Data from: Integrated species distribution models fitted in INLA are sensitive to mesh parameterisation
Data files
Apr 04, 2023 version files 27.50 KB
-
data_serotine1.RData
24.22 KB
-
README.md
3.28 KB
Abstract
The ever-growing popularity of citizen science, as well as recent technological and digital developments, have allowed the collection of data on species’ distributions at an extraordinary rate. In order to take advantage of these data, information of varying quantity and quality needs to be integrated. Point process models have been proposed as an elegant way to achieve this for estimates of species distributions. These models can be fitted efficiently using Bayesian methods based on integrated nested Laplace approximations (INLA) with stochastic partial differential equations (SPDE). This approach uses an efficient way to model spatial autocorrelation using a Gaussian random field and a triangular mesh over the spatial domain.
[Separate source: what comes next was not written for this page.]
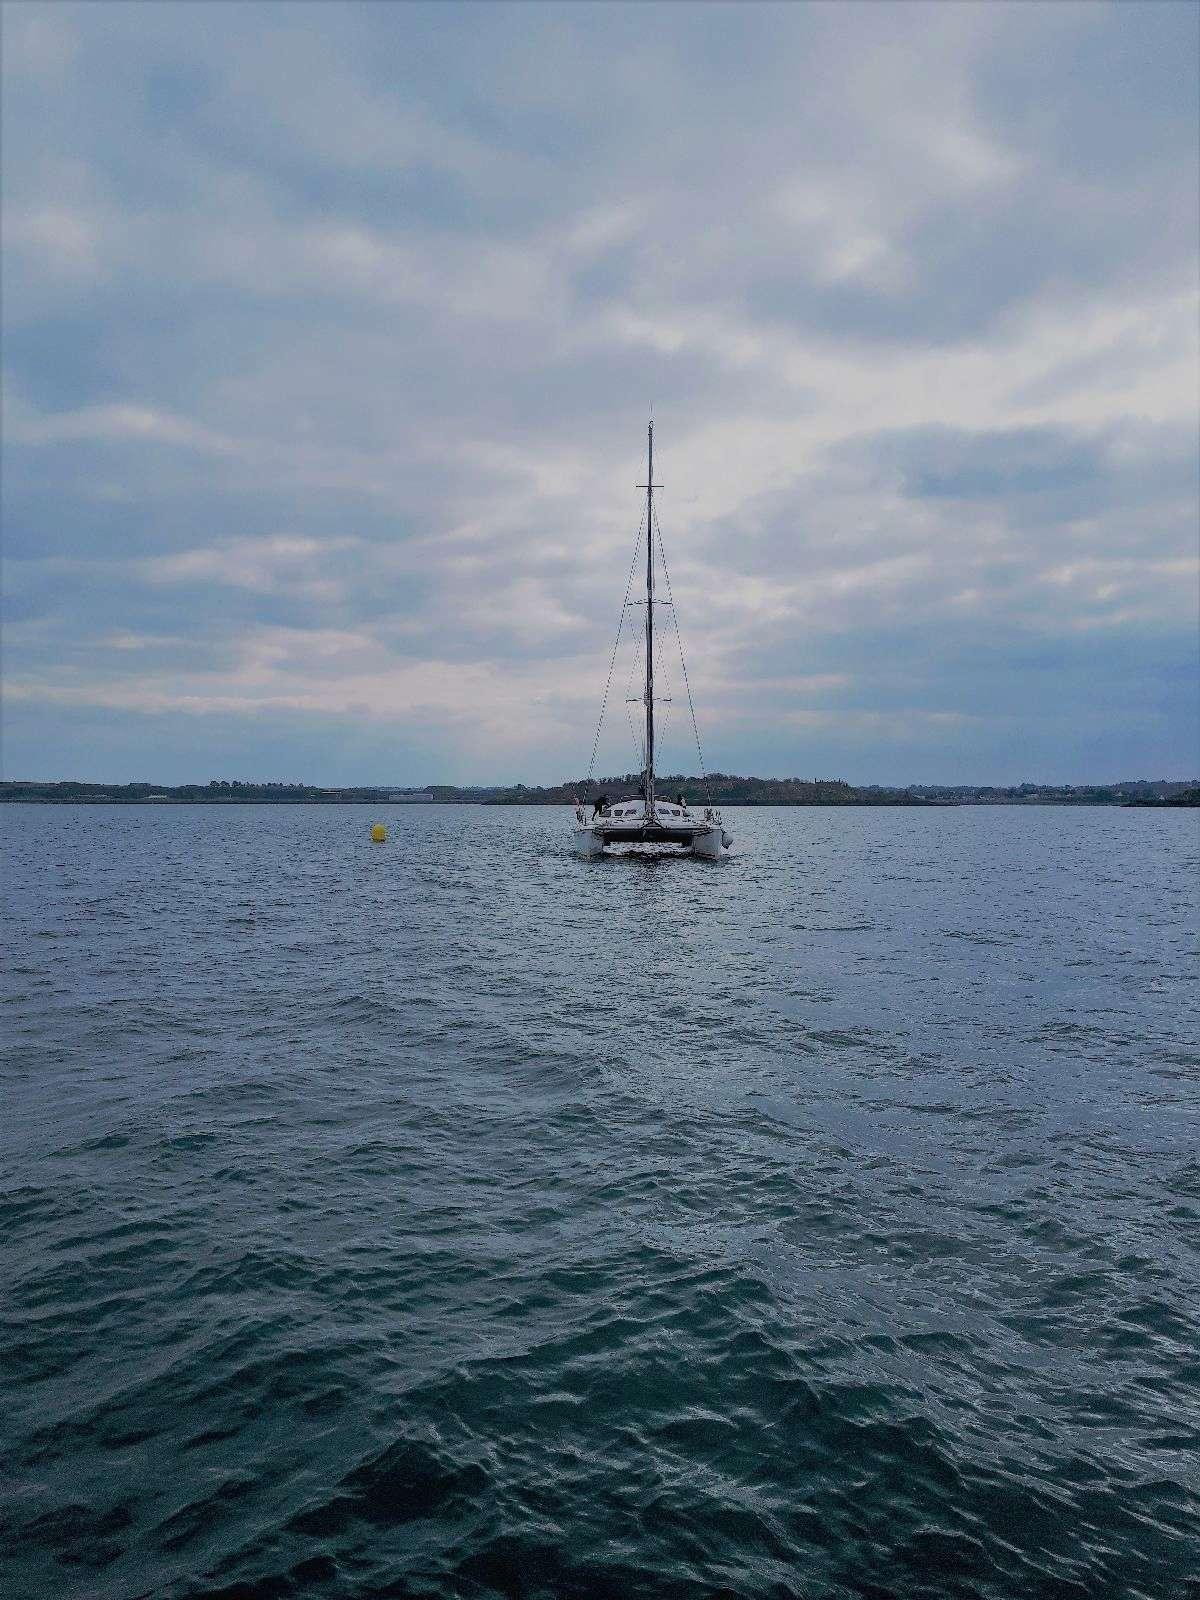 [ Marine à voile ] Catamaran Virginie Hériot voilier de l'Ecole Navale 217

The mesh is constructed by user-defined variables, so effectively represents a free parameter in the model. However, there is a lack of understanding about how to set these mesh parameters, and their effect on model performance. Here, we assess how mesh parameters affect predictions and model fit to estimate the distribution of the serotine bat, Eptesicus serotinus, in Great Britain. A Bayesian INLA model was fitted using five meshes of varying densities to a dataset comprising both structured observations from a national monitoring programme and opportunistic records. We demonstrate that mesh density impacted spatial predictions with a general loss of accuracy with increasing mesh coarseness. However, we also show that the finest mesh was unable to overcome spatial biases in the data. In addition, the magnitude of the covariate effects differed markedly between meshes. This confirms that mesh parameterisation is an important and delicate process with implications for model inference. We discuss how species distribution modellers might adapt their use of INLA in light of these findings.
Methods
We used two sources of Eptesicus serotinus data for our study, the first from the Field Survey which is part of UK’s Bat Conservation Trust’s (BCT) National Bat Monitoring Programme (NBMP). The Field Survey consists of a structured mobile acoustic survey where trained volunteers walk an approximately 3-kilometre-long transect within a randomly allocated 1-kilometre grid square. Counts of the number of bat passes are made at 12 points along the transect. For our study, we reduced the data to presences and absences (PA) per site (n = 666) because it is likely that the counts reflect bat activity (a combination of species abundance and time spent in the area) rather than true abundance due to their foraging behaviour. There is a risk of recording the same bat multiple times, which would add additional uncertainty to the analysis. The second dataset was from the National Biodiversity Network (NBN) Atlas which combines presence-only (PO) data from multiple sources. We excluded data that were not verified by expert verifiers, were from the NBMP Field Survey, and where coordinate uncertainty was more than 1 kilometre (remaining data n = 1374). For both datasets, data from 2005-2015 were used, which maximised the number of data points while assuming that the species’ range was stable over the chosen time period.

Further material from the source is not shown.